En réponse à Hana Nichtburgerová

Re: Fatelessness_book

par Hana Nichtburgerová,

Comments on Imre Kertész  by Csaba Csortos (1.5.2020)

 

Kertész Imre: Sorstalanság

 

Before the Noble prize, Kertész was almost non-known in Hungary. Now, because of the Nobel, Sorstalanság is a compulsory reading in high school.

Before the Soá, in Hungary lived the most Jews in Europe after Poland. Despite, the deportations only started in 1944, Hungary made Jew laws before. In the begining, only Jews from the countryside got deported.

The movie’s director was Lajos Koltai, who is not a director but a cinematographer. He was the director, because Hungary wanted a Hollywoodic Holokaust movie, but Hungary doesn’t have a Hollywood director, but has a Hollywood cinematographer. Sadly, the movie is not so great, the critics in Hungary or the audience didn’t like it.

We have better Holokaust movies, like 1945, Sunshine, The Revolt of Job, Son of Saul, etc.  But most of these are not adaption.

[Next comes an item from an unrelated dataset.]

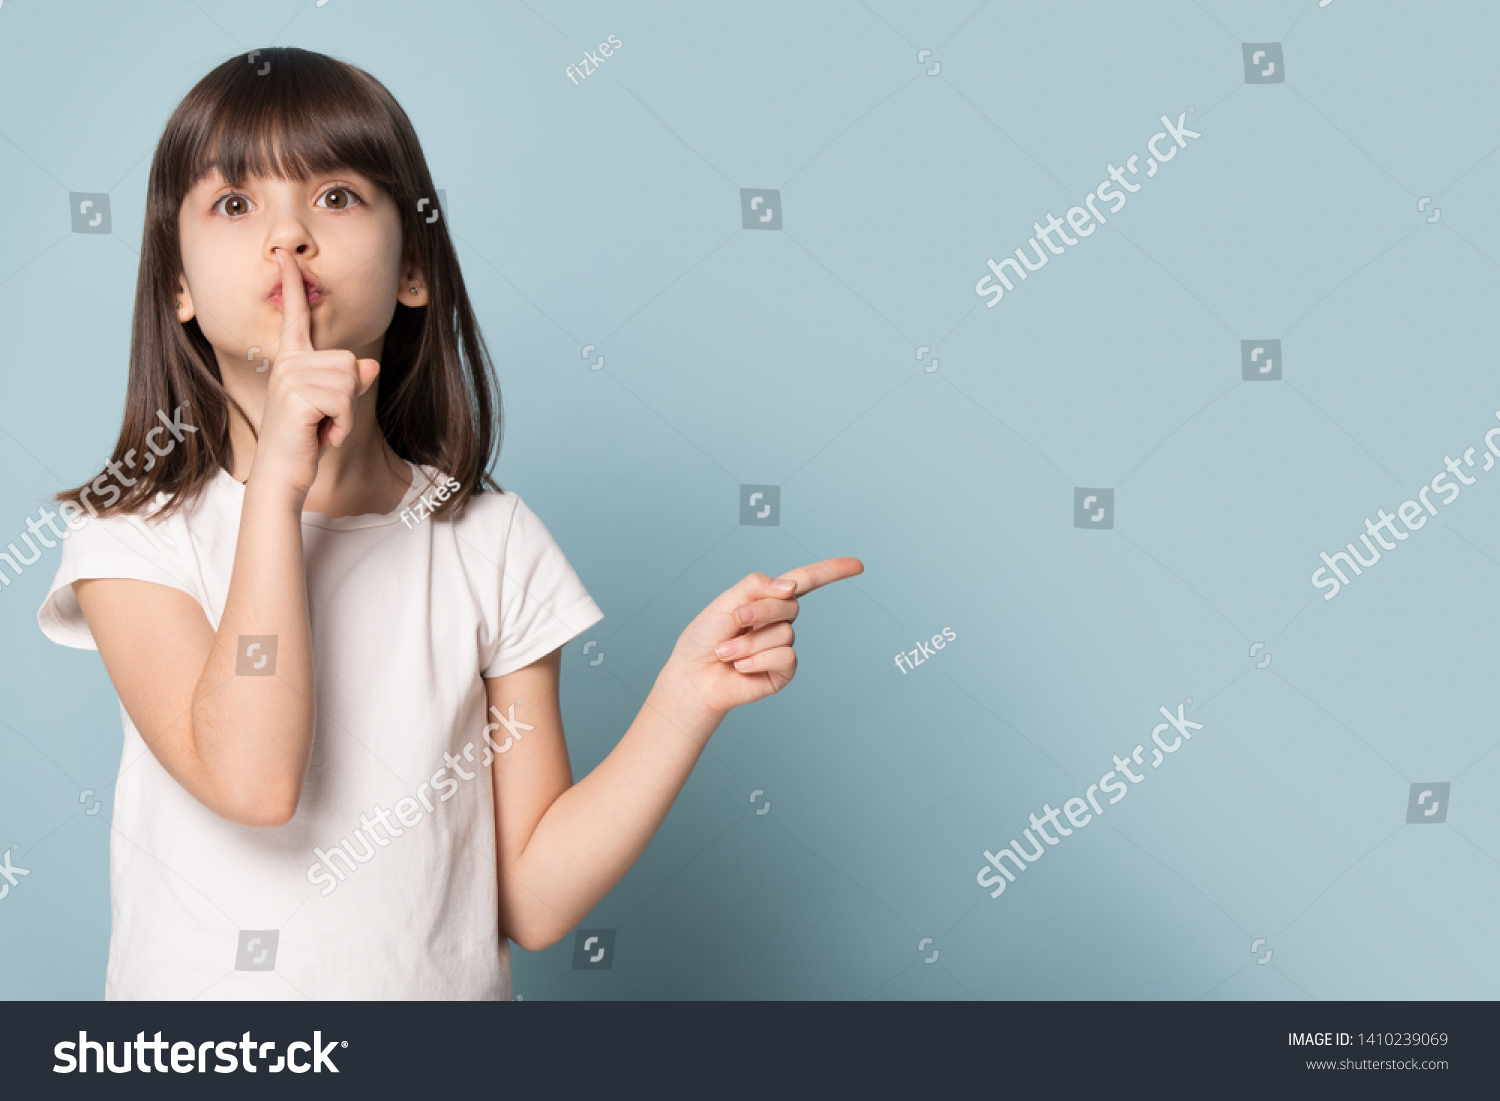 Adorable six years old little girl holding finger on lips symbol of hush gesture of asking to be quiet. Silence or secret concept image isolated on blue studio background with copy free space for text #1410239069

En réponse à Hana Nichtburgerová

Re: Fatelessness_book

par Hana Nichtburgerová,

Dear Hana Nichtburgerova,

 
So in Hungary now they totally change the school curriculum, but it is not true anymore, that Kertesz has been removed. They put him back.
Also, it is really sad that Nyirő and Wass and Herceg are in the curriculum. They were openly antisemitic.
Sorry, I only found Hungarian articles about it. This website is independent. https://24.hu/kultura/2020/02/21/nat-kertesz-imre-ottlik-geza-irodalom-magyartanitas-oktatas/ 
 
Horthy's tactic was about to save the jews and with them save himself. Because he was afraid that Germany loses the war. He wanted something to show the allies, like: look I'm not a bad guy, I didn't kill the jews. This is why only the jews from the countryside got deported during Horthy. 
After him, during Szalasi and the Crossbow, they worked with the Nazis and tried to kill Jews in Budapest.
The official numbers of the victims of the Holocaust in Hungary are about 600 000, 1 million is a way too much number.
 
The situation is really difficult in Hungary because the Fidesz is often antisemitic (see the propaganda against Soros), but they give a lot of money to some Jewish organizations, like the MAZSIHISZ ( Hungarian Jewish Synagogue's Organisation) so some rabbis support the Fidesz. It would be easier to discuss these topics in person.